Legal cannabis was supposed to mean jobs and tax revenue as an enormous illicit market slowly gave way to regulated cultivation and sales.
That may yet happen, but so far, both sales and the accompanying tax haul have been lower than promised. And with companies missing sales and revenue goals, that means layoffs for the worker.
Multiple major brands in cannabis have announced cutting more than 10% of their workforces this fall. Joining software delivery platform Eaze and ad-platform Weedmaps, both of whom announced workforce cuts around 20% last month, are California brands Flow Kana, Cannacraft, and would-be national power player MedMen.
On Nov. 14, Flow Kana CEO Michael Steinmetz told the Sacramento Bee that the company might cut up to 20% of its workforce. The next day, Culver City, California-based MedMen, confronting a $187 million deficit, said it would lay off 190 workers in order to save $10 million a year. (Only $177 million to go!)
That continued what’s been an industry-wide trend or what some are calling “an epidemic.”

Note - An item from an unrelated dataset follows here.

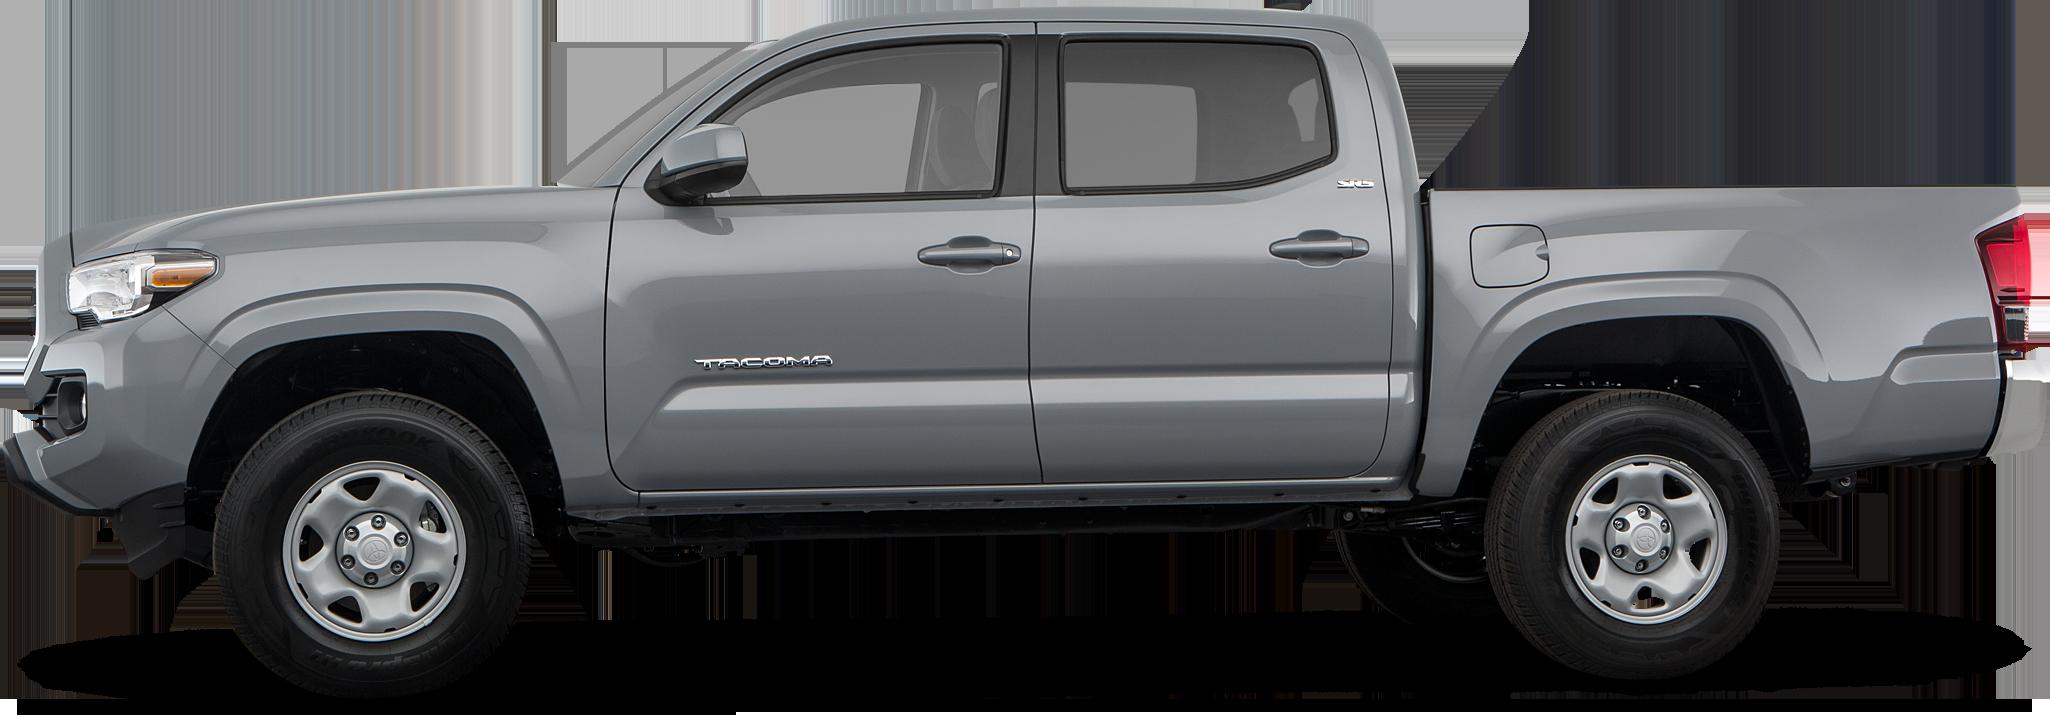 2019 Toyota Tacoma Truck SR5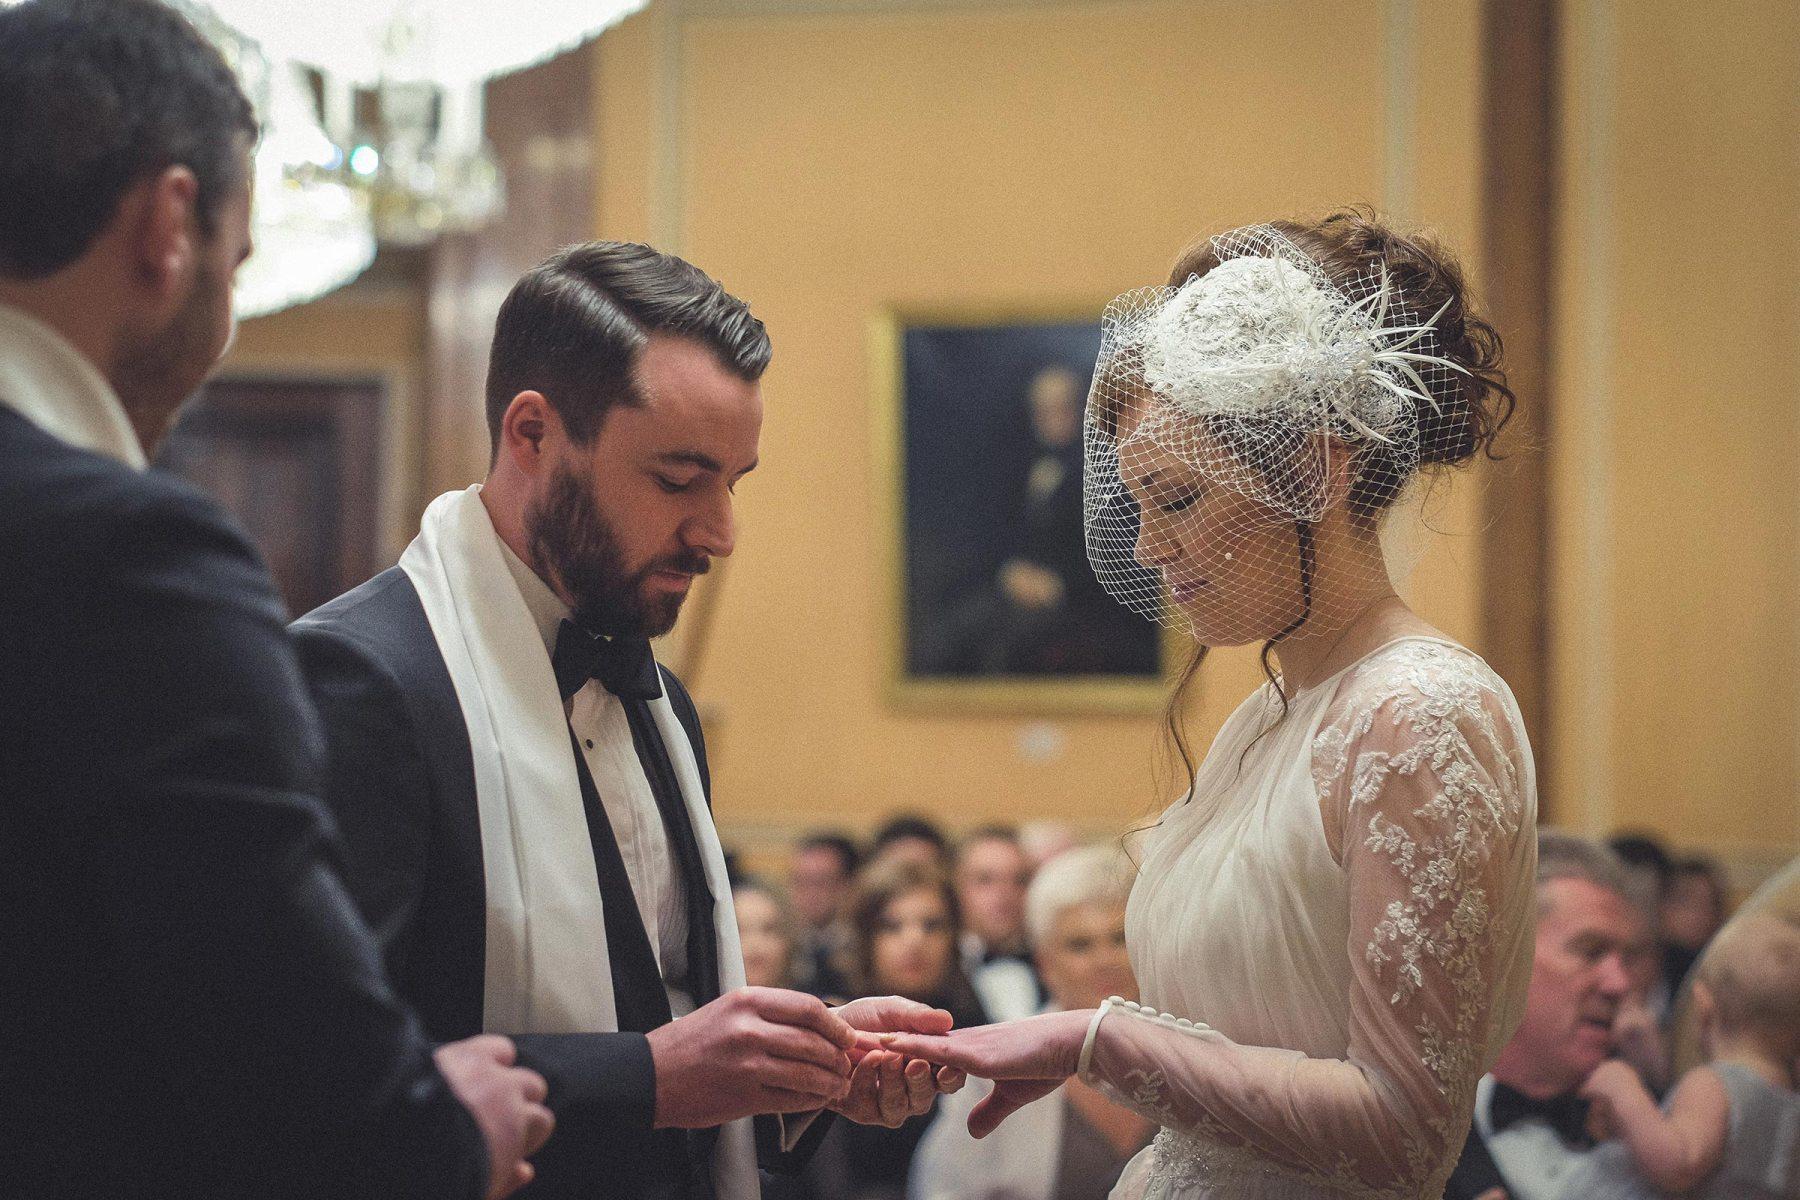 Cheshire Wedding Film - Bride & Groom

“It almost feels like an epidemic…” Layoffs in cannabis companies up and down the state reflect challenges in #California’s fledgling recreational #cannabis industry: https://t.co/0wptGkiy7c @FlowKana h/t @andrewsheeler #ag #CACannabis #CAjobs #farming #jobs
— CA Assoc of Counties (@CSAC_Counties) November 16, 2019
Grupo Flor, a diversified company with consumer brands and cultivation facilities in Monterey County, where industrial-scale cultivation is ongoing in greenhouses originally built for the floral industry, is shedding 35% of its workforce. CannaCraft, based in Santa Rosa and manufacturer of popular brands including the AbsoluteXtracts brand of vaporizer cartridges, said it would cut 16% of its staff, according to Marijuana Business Daily.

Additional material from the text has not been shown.